• Data section:
•••
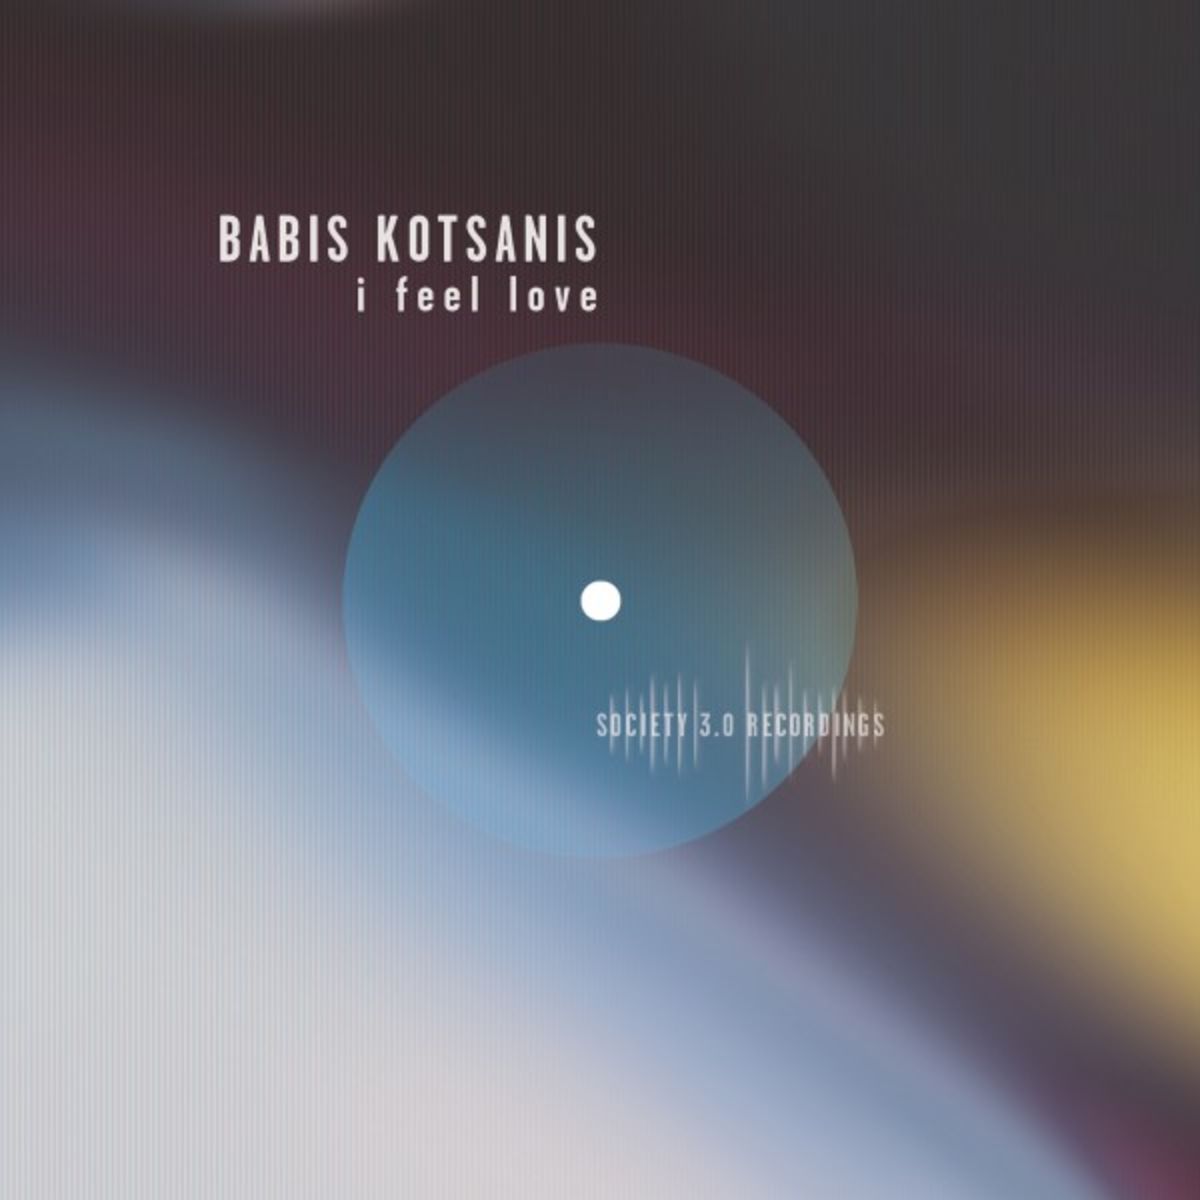 Babis Kotsanis - I Feel Love / Society 3.0
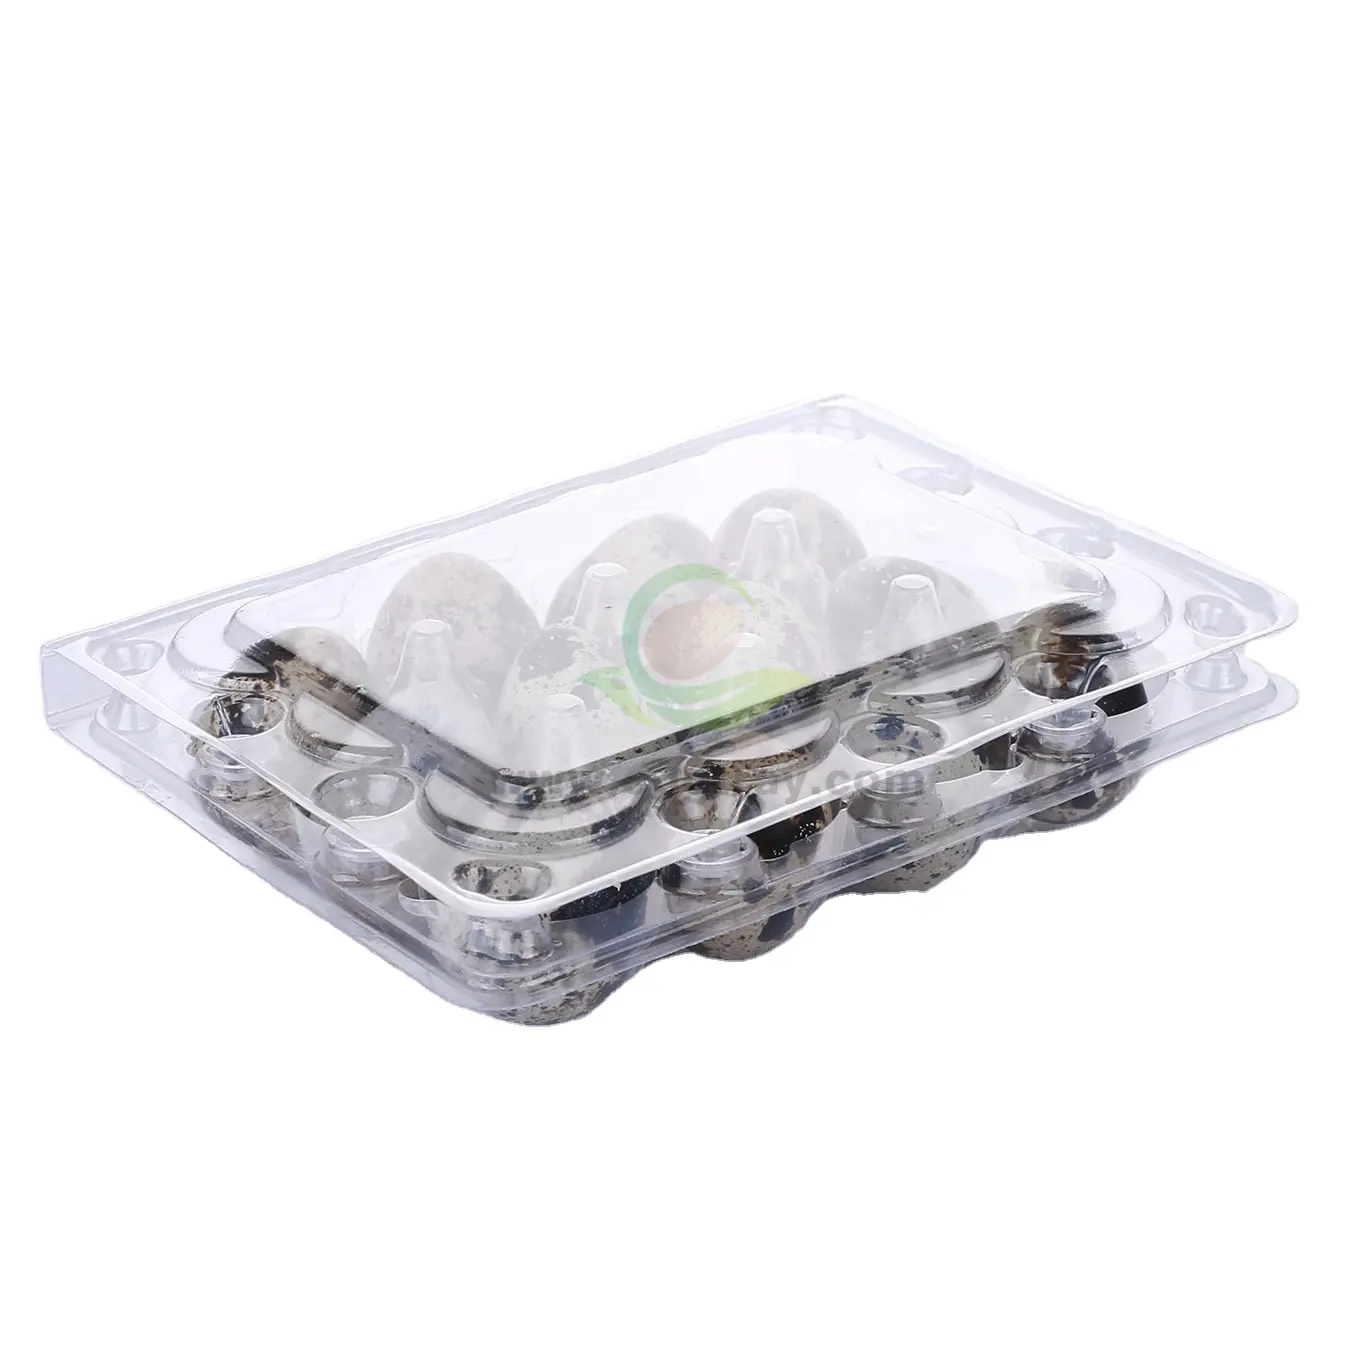 12 holes quail egg tray packing clear disposable plastic quail egg tray
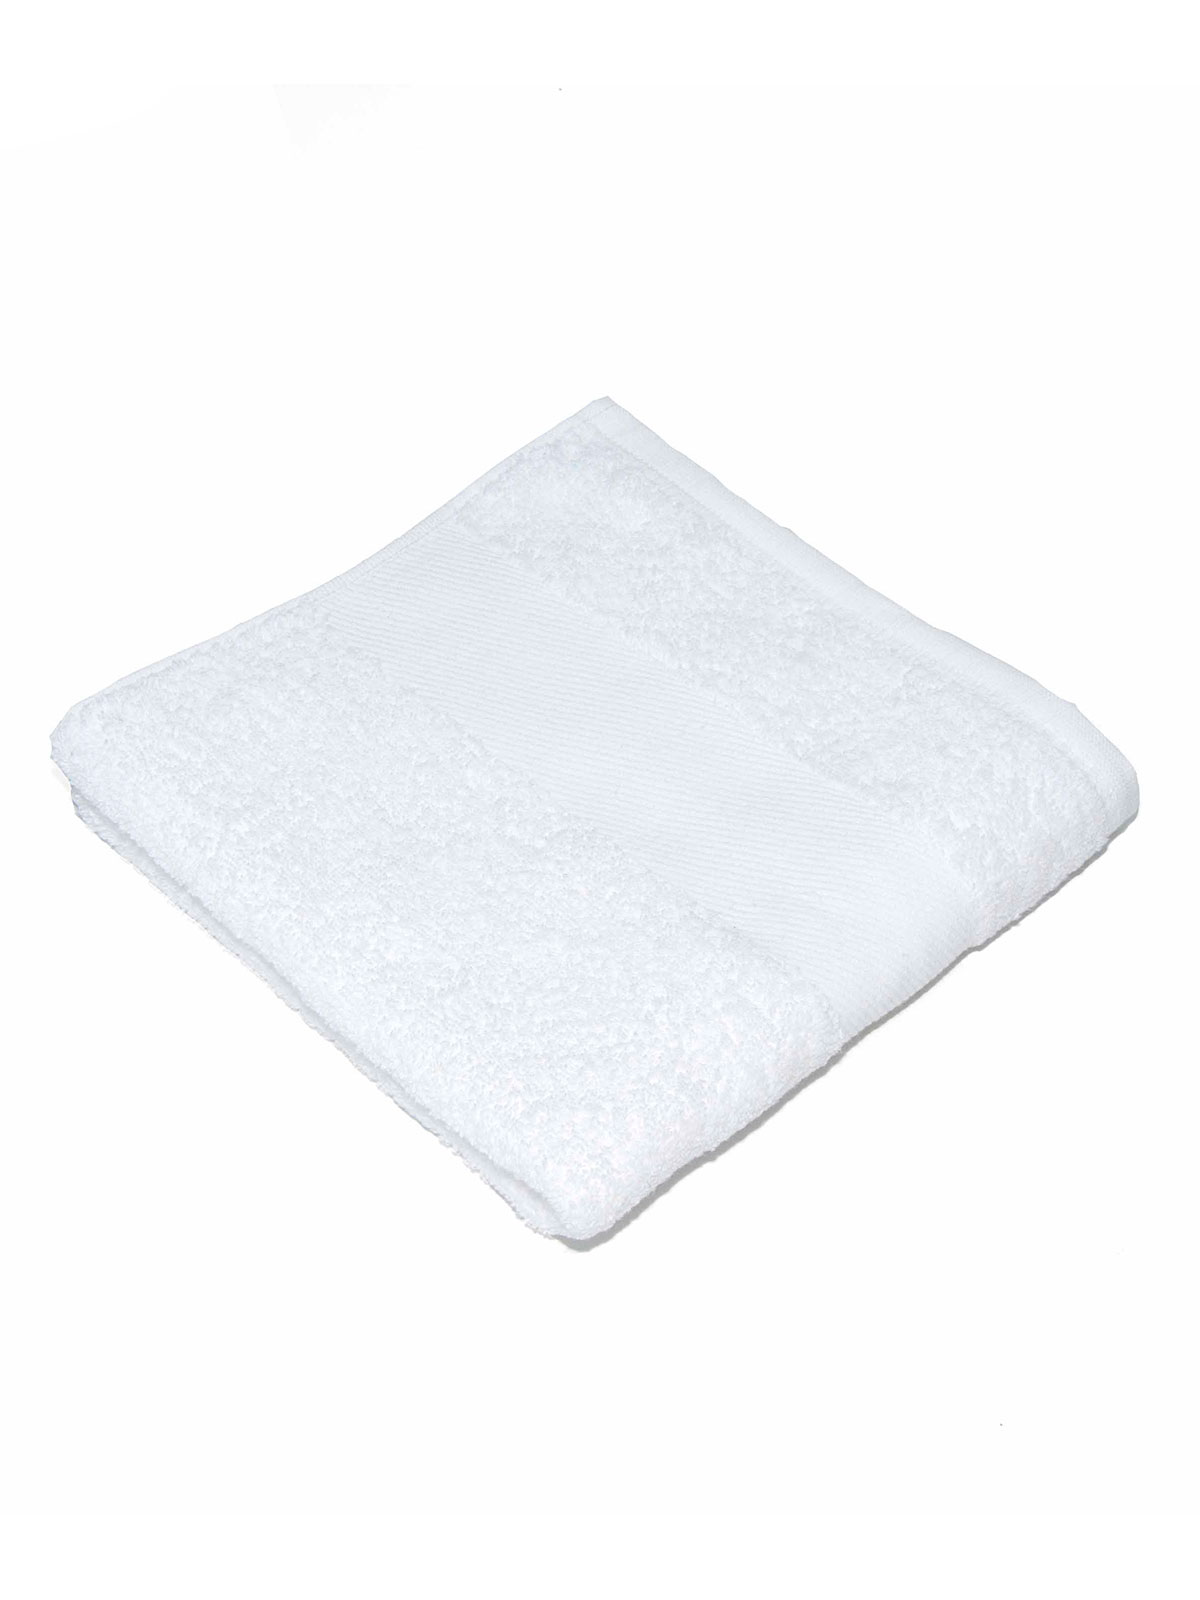 classic-towel-50x100-white.webp
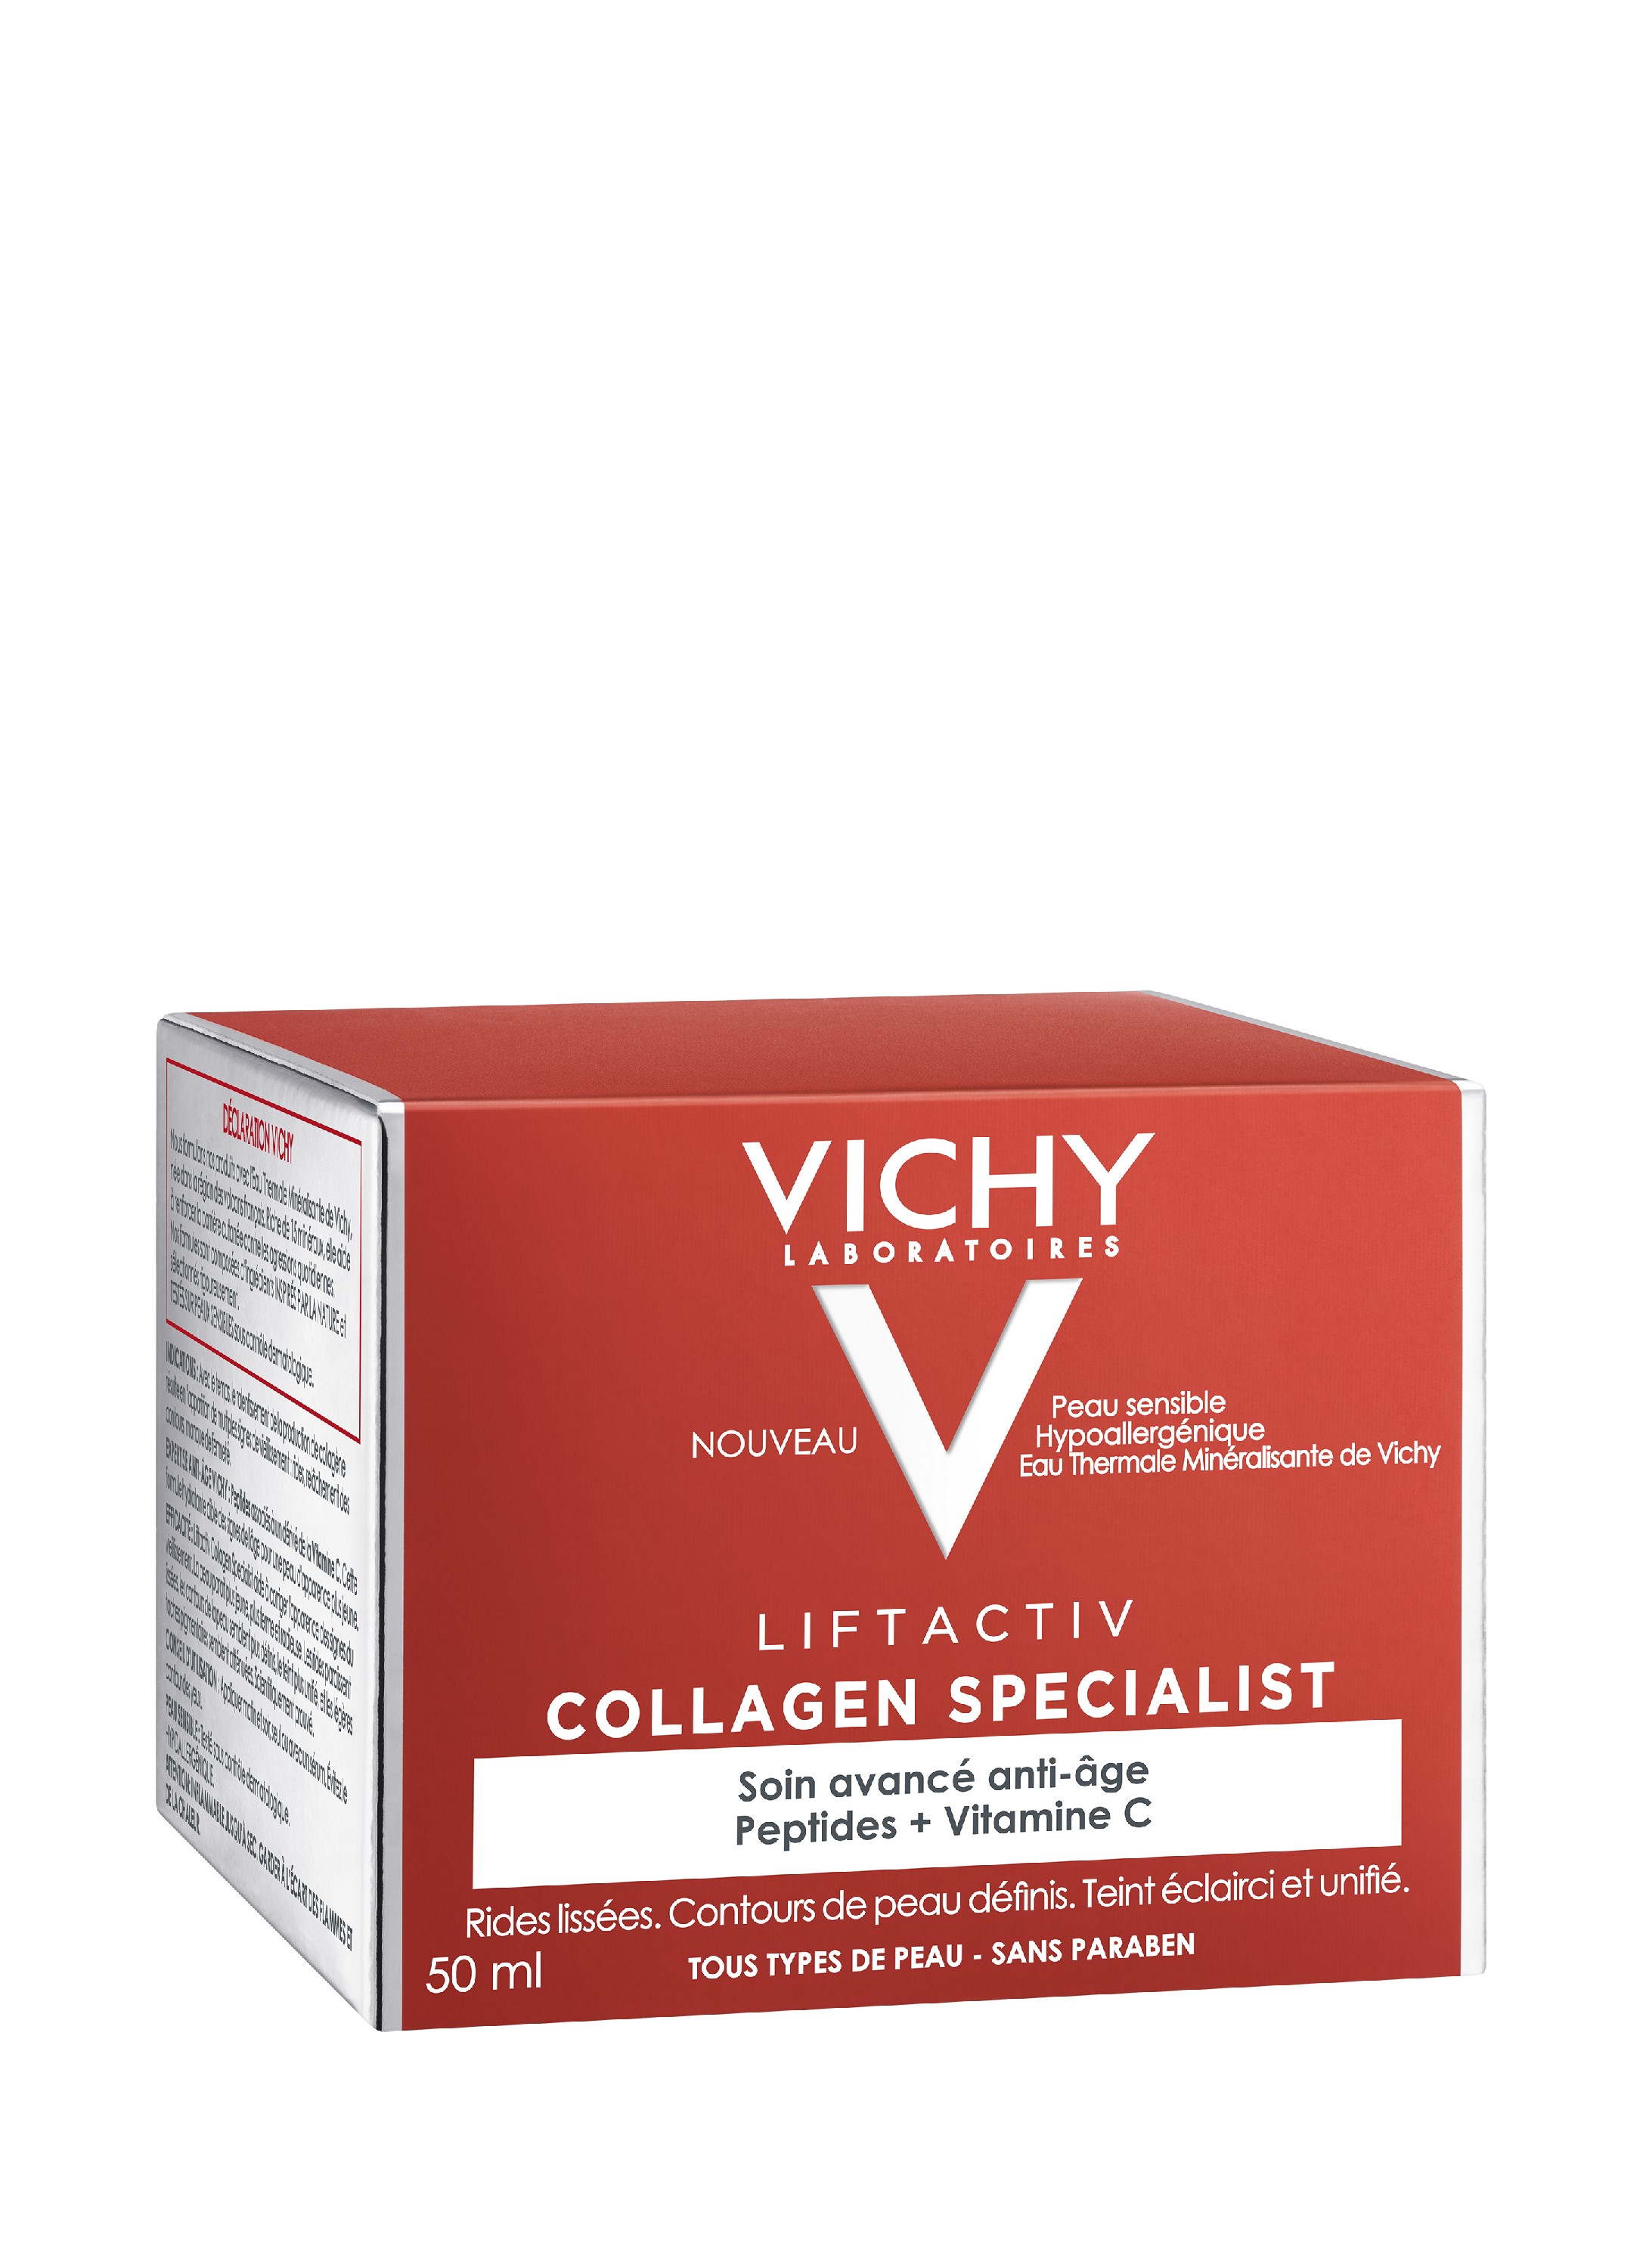 Vichy Liftactiv Collagen Specialist arckrm
•••
• Exercise prompt:
Write the data out again exactly, but without its images.

• Answer for this exercise:
 Babis Kotsanis - I Feel Love / Society 3.0
 12 holes quail egg tray packing clear disposable plastic quail egg tray
 classic-towel-50x100-white.webp
 Vichy Liftactiv Collagen Specialist arckrm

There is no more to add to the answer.